A negativa dos convênios não se justifica e o paciente pode recorrer à Justiça

A negativa de cobertura de órteses e próteses pelos planos de saúde é uma das questões que mais geram discussão nos tribunais. Entre os materiais objetos de embates entre consumidores e planos de saúde mencionam-se os stents cardíacos, marca-passos e cateteres. Também é comum a negativa de cobertura de próteses ortopédicas utilizadas em artroplastias, sendo as mais comuns as de joelho e quadril, em que se procede, por meio de procedimento cirúrgico, a troca ou substituição, total ou parcial, de articulações.

Habitualmente, as empresas de planos e de seguro saúde sustentam que não têm o dever de cobrir tais materiais. Basicamente, justificam suas negativas alegando que os materiais seriam de uso meramente estético ou que a exclusão no fornecimento de órteses e próteses estaria prevista em contrato.

Quanto aos procedimentos clínicos e cirúrgicos de natureza eminentemente estética, de fato não há previsão legal que imponha o dever de cobertura pelos planos de saúde. Ao contrário, a Lei 9.656/98, que regula os planos de saúde, dispensa expressamente, em seu artigo 10, inciso II a cobertura de “procedimentos clínicos ou cirúrgicos para fins estéticos, bem como órteses e próteses para o mesmo fim”. Dessa forma, cirurgias plásticas de natureza exclusivamente estética, implantes de silicone, lipoaspirações etc. estão excluídas da cobertura.

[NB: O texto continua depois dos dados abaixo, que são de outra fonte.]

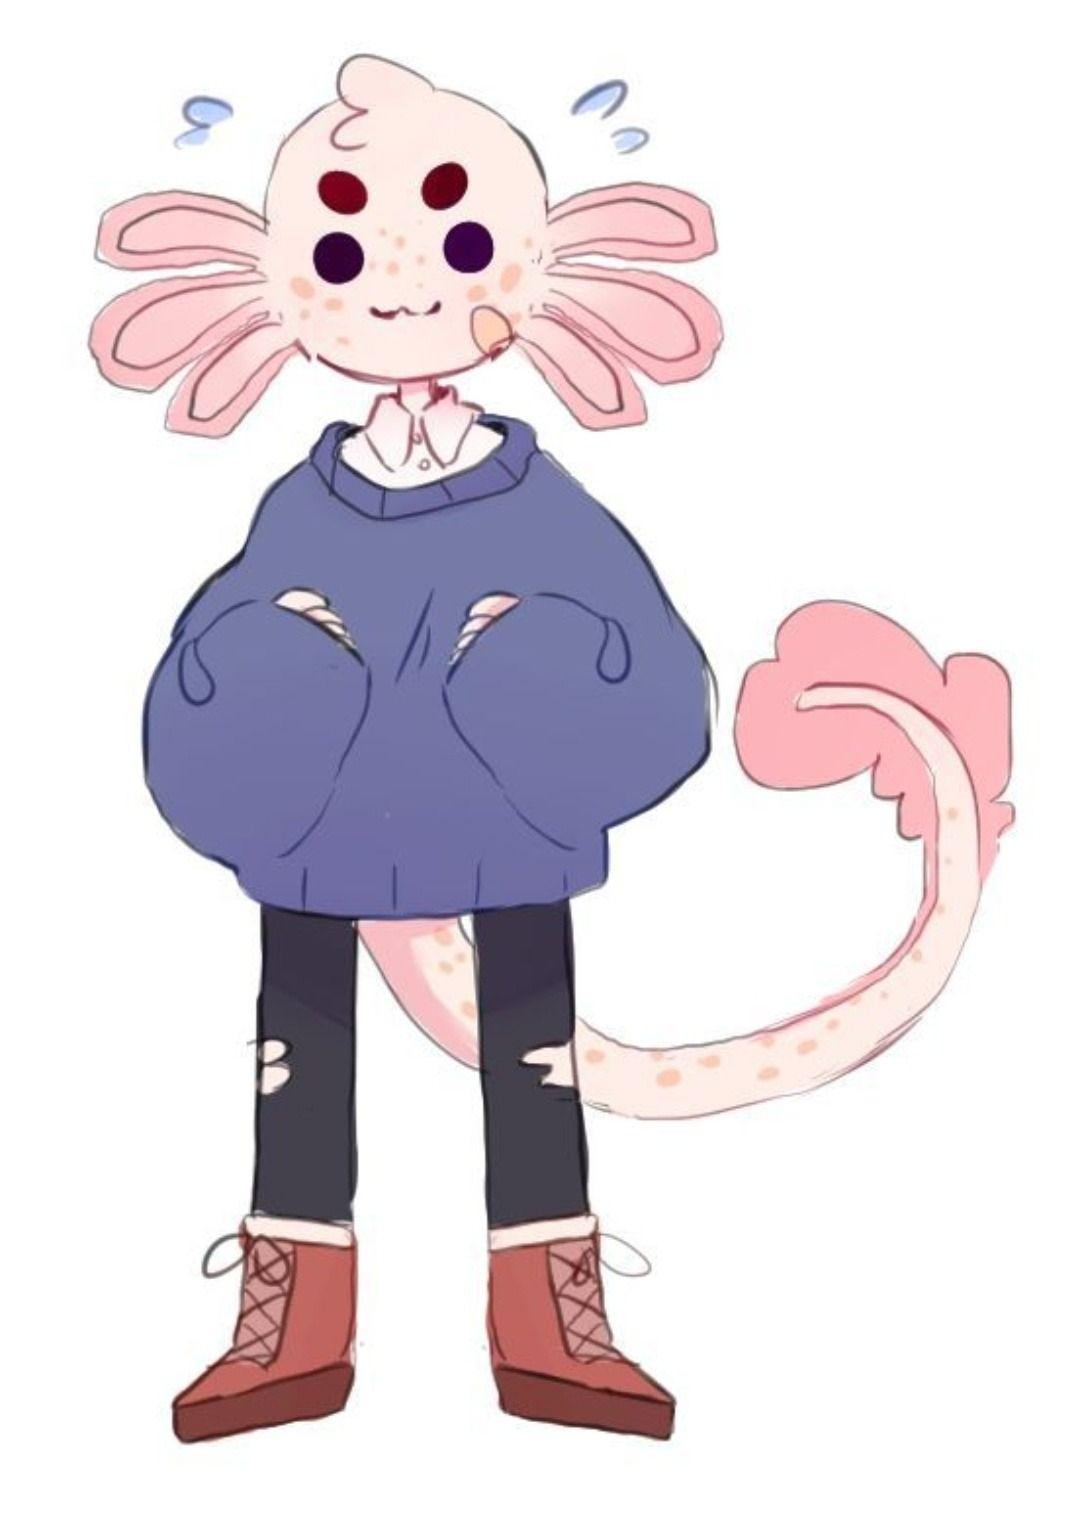 I Made An Axolotl Character 0 Furry Art Cartoon Art Styles Cute Art

Diz-se, habitualmente, pois a noção de “finalidade meramente estética” obviamente não se aplica, por exemplo, à prótese mamária destinada à reconstrução do órgão afetado pelo câncer, caso em que a cobertura certamente será justificável, de modo que esse conceito pode tornar-se, evidentemente, subjetivo de acordo com o caso concreto.

Quanto ao argumento de expressa exclusão contratual de cobertura de órteses e próteses, o posicionamento mais recente dos tribunais tem priorizado a noção da boa-fé objetiva e da função social do contrato, em detrimento do positivismo contratual. Ou seja, o Judiciário tem entendido que, mesmo nos casos em que o contrato prevê expressamente a exclusão de cobertura destes materiais, tal exclusão é abusiva.

Além do mais, a Agência Nacional de Saúde Suplementar (ANS) editou a Resolução Normativa 167, de 9 de janeiro de 2008, em cujo artigo 13, inciso VII deixou expresso que o fornecimento de prótese é obrigatório sempre que sua implantação se faça através de cirurgia, qualquer que seja a natureza desta. Diante disso, seja em observância aos princípios da boa-fé objetiva ou da função social do contrato, seja diante da expressa orientação ditada pela Resolução 167 da ANS, verifica-se que não têm prevalecido as teses que buscam justificar a exclusão de cobertura de órteses e próteses diretamente relacionadas a procedimentos cirúrgicos e que integrem e/ou viabilizem o tratamento a que se submetem os pacientes, sendo o posicionamento atual dos tribunais reiterado nesse sentido.

Portanto, havendo indicação médica da necessidade de uso de órteses e próteses no tratamento de doenças cobertas contratualmente, a negativa dos convênios não se justifica e o paciente pode recorrer à Justiça para garantir a cobertura.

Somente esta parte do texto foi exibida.